The authors developed an integrated fluorescence detection technique with single-atom resolution applicable to ensembles of up to 390 atoms, improving atom number measurement accuracy for quantum experiments.

Findings

Achieved single-atom resolution for 1 to 30 atoms.

Extrapolated resolution limit to about 390 atoms.

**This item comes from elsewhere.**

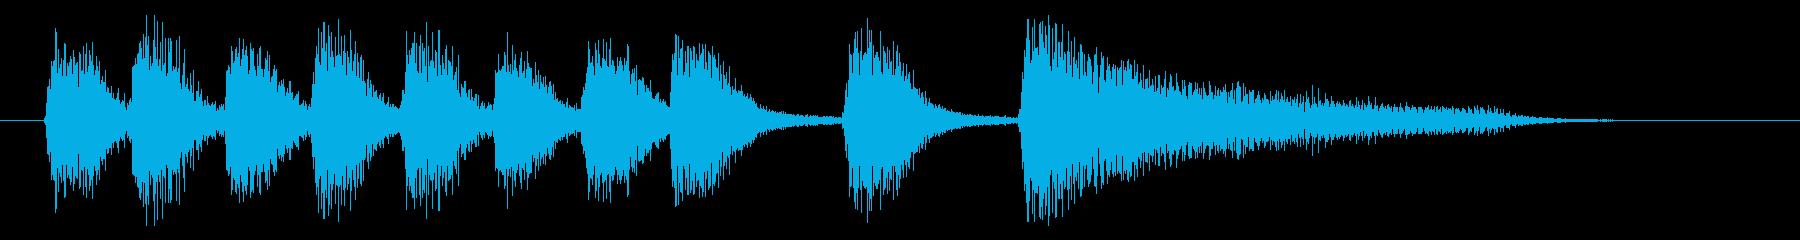 ピアノ/発表・場面転換・軽快なサウンドの再生済みの波形

Demonstrated 92% fidelity in preparing 7-atom ensembles with reduced number fluctuations.

Abstract

The analysis of entangled atomic ensembles and their application for interferometry beyond the standard quantum limit requires an accurate determination of the number of atoms. We present an accurate fluorescence detection technique for atoms that is fully integrated into an experimental apparatus for the production of many-particle entangled quantum states. Single-particle resolving fluorescence measurements for $1$ up to $30$ atoms are presented. According to our noise analysis, we extrapolate that the single-atom resolution extends to a limiting atom number of $390(20)$ atoms. We utilize the accurate atom number detection for a number stabilization of the laser-cooled atomic ensemble. For a target ensemble size of $7$ atoms prepared on demand, we achieve a $92(2)\,\%$ preparation fidelity and reach number fluctuations $18(1)\,\mathrm{dB}$ below the shot noise level using real-time feedback on the magneto-optical trap.